##### INPUT RECORDS #####
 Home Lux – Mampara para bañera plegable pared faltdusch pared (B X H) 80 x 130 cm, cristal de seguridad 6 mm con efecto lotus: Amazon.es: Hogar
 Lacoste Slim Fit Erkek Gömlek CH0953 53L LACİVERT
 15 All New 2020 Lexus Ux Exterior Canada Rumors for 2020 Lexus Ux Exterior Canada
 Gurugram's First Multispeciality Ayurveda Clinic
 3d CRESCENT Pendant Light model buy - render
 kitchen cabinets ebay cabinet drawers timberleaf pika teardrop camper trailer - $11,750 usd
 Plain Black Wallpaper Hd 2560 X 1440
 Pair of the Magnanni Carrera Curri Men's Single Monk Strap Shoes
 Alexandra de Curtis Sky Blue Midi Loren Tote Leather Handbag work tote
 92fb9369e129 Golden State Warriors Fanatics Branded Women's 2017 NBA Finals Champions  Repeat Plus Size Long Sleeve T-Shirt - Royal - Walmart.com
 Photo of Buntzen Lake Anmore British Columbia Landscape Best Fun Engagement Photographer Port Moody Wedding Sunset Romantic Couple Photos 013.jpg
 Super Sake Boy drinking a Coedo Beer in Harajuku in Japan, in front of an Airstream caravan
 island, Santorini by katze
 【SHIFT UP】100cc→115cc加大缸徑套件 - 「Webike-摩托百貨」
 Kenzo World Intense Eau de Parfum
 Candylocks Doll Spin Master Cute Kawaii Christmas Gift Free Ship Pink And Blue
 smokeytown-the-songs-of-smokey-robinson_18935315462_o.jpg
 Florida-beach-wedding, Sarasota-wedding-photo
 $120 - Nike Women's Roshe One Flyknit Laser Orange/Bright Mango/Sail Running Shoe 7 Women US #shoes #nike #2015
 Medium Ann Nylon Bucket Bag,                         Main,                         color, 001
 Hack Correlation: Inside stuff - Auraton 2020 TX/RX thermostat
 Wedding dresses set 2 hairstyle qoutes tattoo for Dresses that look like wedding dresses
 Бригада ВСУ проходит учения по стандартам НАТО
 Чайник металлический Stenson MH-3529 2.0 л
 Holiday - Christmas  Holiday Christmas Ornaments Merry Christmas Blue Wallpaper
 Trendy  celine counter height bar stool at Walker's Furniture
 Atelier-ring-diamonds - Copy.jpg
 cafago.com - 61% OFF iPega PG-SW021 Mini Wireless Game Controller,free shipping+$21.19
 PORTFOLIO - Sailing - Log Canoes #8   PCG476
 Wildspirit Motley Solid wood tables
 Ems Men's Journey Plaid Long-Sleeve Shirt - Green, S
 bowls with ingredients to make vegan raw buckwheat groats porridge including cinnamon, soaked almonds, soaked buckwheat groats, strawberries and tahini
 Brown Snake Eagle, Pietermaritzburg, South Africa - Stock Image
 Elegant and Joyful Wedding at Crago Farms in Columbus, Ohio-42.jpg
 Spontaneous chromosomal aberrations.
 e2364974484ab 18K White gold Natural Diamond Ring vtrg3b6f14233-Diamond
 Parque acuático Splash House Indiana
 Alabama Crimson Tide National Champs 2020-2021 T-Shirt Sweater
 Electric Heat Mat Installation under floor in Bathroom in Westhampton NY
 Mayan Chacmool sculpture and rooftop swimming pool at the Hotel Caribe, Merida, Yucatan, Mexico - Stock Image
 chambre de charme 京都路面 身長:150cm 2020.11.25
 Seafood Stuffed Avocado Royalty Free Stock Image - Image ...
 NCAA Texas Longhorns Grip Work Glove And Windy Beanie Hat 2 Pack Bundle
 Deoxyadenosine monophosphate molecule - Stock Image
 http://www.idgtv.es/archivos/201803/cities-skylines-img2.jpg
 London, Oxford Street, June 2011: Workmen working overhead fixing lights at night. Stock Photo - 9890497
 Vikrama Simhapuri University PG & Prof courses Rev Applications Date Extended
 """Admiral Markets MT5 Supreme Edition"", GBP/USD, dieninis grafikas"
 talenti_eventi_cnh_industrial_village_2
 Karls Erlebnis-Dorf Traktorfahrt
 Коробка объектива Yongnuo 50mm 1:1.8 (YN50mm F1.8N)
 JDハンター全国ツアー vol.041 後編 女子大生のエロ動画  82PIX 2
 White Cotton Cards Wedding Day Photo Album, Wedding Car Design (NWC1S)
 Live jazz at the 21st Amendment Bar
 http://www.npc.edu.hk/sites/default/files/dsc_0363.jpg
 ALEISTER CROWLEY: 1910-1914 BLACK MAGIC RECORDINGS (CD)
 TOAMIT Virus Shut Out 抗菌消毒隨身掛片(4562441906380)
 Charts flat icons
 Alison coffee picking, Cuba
#####
PROBLEM REQUIREMENTS = Going back to the entries above, set down exactly the lines that begin at the one with "Mayan Chacmool sculpture" and end at the one with "TOAMIT Virus Shut", both included, and nothing else.

WRITTEN RESPONSE =
 Mayan Chacmool sculpture and rooftop swimming pool at the Hotel Caribe, Merida, Yucatan, Mexico - Stock Image
 chambre de charme 京都路面 身長:150cm 2020.11.25
 Seafood Stuffed Avocado Royalty Free Stock Image - Image ...
 NCAA Texas Longhorns Grip Work Glove And Windy Beanie Hat 2 Pack Bundle
 Deoxyadenosine monophosphate molecule - Stock Image
 http://www.idgtv.es/archivos/201803/cities-skylines-img2.jpg
 London, Oxford Street, June 2011: Workmen working overhead fixing lights at night. Stock Photo - 9890497
 Vikrama Simhapuri University PG & Prof courses Rev Applications Date Extended
 """Admiral Markets MT5 Supreme Edition"", GBP/USD, dieninis grafikas"
 talenti_eventi_cnh_industrial_village_2
 Karls Erlebnis-Dorf Traktorfahrt
 Коробка объектива Yongnuo 50mm 1:1.8 (YN50mm F1.8N)
 JDハンター全国ツアー vol.041 後編 女子大生のエロ動画  82PIX 2
 White Cotton Cards Wedding Day Photo Album, Wedding Car Design (NWC1S)
 Live jazz at the 21st Amendment Bar
 http://www.npc.edu.hk/sites/default/files/dsc_0363.jpg
 ALEISTER CROWLEY: 1910-1914 BLACK MAGIC RECORDINGS (CD)
 TOAMIT Virus Shut Out 抗菌消毒隨身掛片(4562441906380)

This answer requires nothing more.